KR20160078793A - Treatment method of wastewater comprising phenol - Google Patents

Abstract

The present invention relates to a method for disposal of wastewater containing phenol, capable of effectively removing phenol and various pollutants, wherein the method comprises: an oxidative decomposition step of adding divalent ferrous salt and peroxide to wastewater containing phenol; a coagulative precipitation step of adjusting the pH of the resultant material of the oxidative decomposition step to 6.8-8.5; and a step of solid-liquid separating the resultant material of the coagulative precipitation step.

Description

TECHNICAL FIELD The present invention relates to a method for treating wastewater containing phenol,

The present invention relates to a method for treating wastewater containing phenol, and more particularly, to a method for effectively removing phenol and various contaminants from wastewater containing phenol and various contaminants, reusing final treated water, And more particularly to a method for treating a non-discharge type phenol waste water discharging only sludge.

As a treatment method of phenol wastewater, a method of adsorbing using activated carbon and a method of decomposing into a harmless substance through biological treatment are generally applied. However, in the case of the activated carbon treatment, the treatment of the phenol at high concentration limits the treatment efficiency and the excessive use amount of activated carbon. In the case of biological treatment, the treatment cost is relatively low. However, in the case of treatment of phenol wastewater in high concentration, the efficiency is somewhat ineffective, the treatment time is long, and the influence on the external environment is likely to act as a variable.

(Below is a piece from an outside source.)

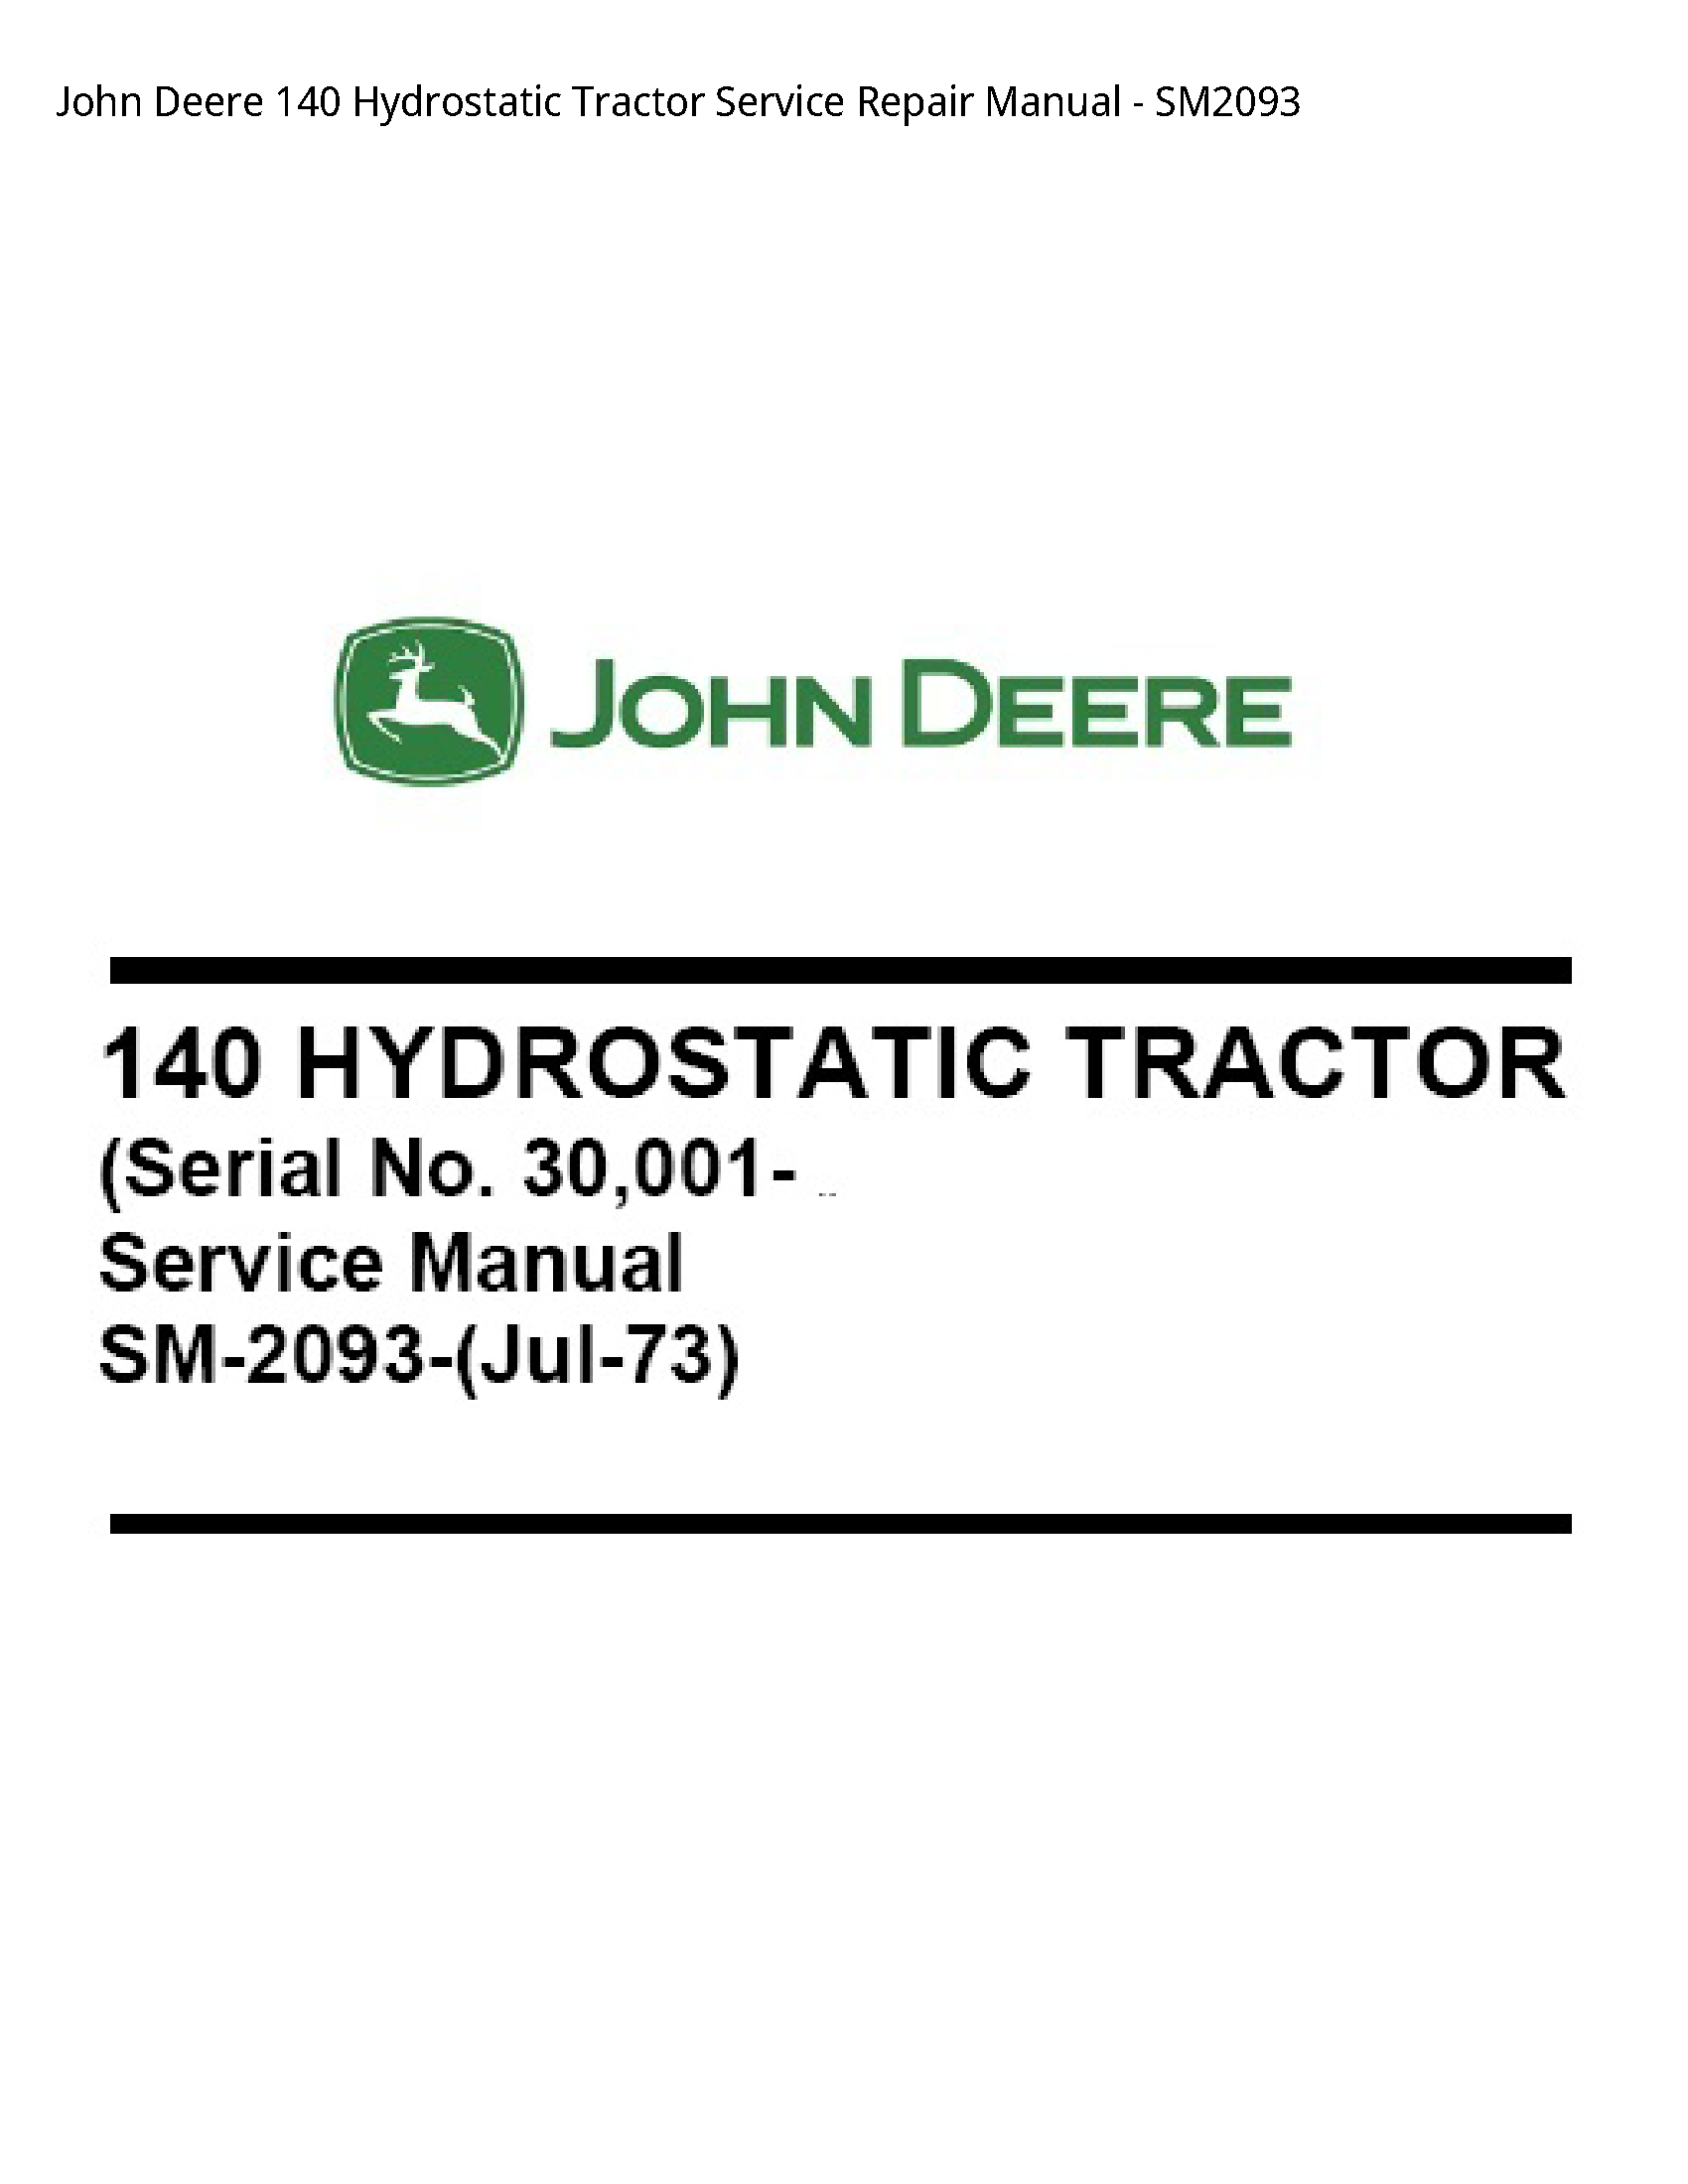 John Deere 140 Hydrostatic Tractor manual

In the case of a treatment method using a membrane or a reverse osmosis membrane, it is known that various contaminants such as ion components, particulate substances, chromaticity, and chemical oxygen demand can be efficiently treated at the same time in addition to phenol, and the reuse of the treated water is effectively promoted . However, it is generally known that the reverse osmosis membrane has a disadvantage in that the treatment efficiency is somewhat low due to the hydrophilicity of phenol.

Also, in the case of the treatment method using vacuum evaporation, although the technique does not substantially generate the discharge water, it is not widely used because of cost problems due to energy use.

The present invention relates to a method for treating unsanitary phenol wastewater, which effectively removes phenol and various contaminants from wastewater containing phenol and various contaminants, reuses final treated water, and discharges solids in solid form only will be.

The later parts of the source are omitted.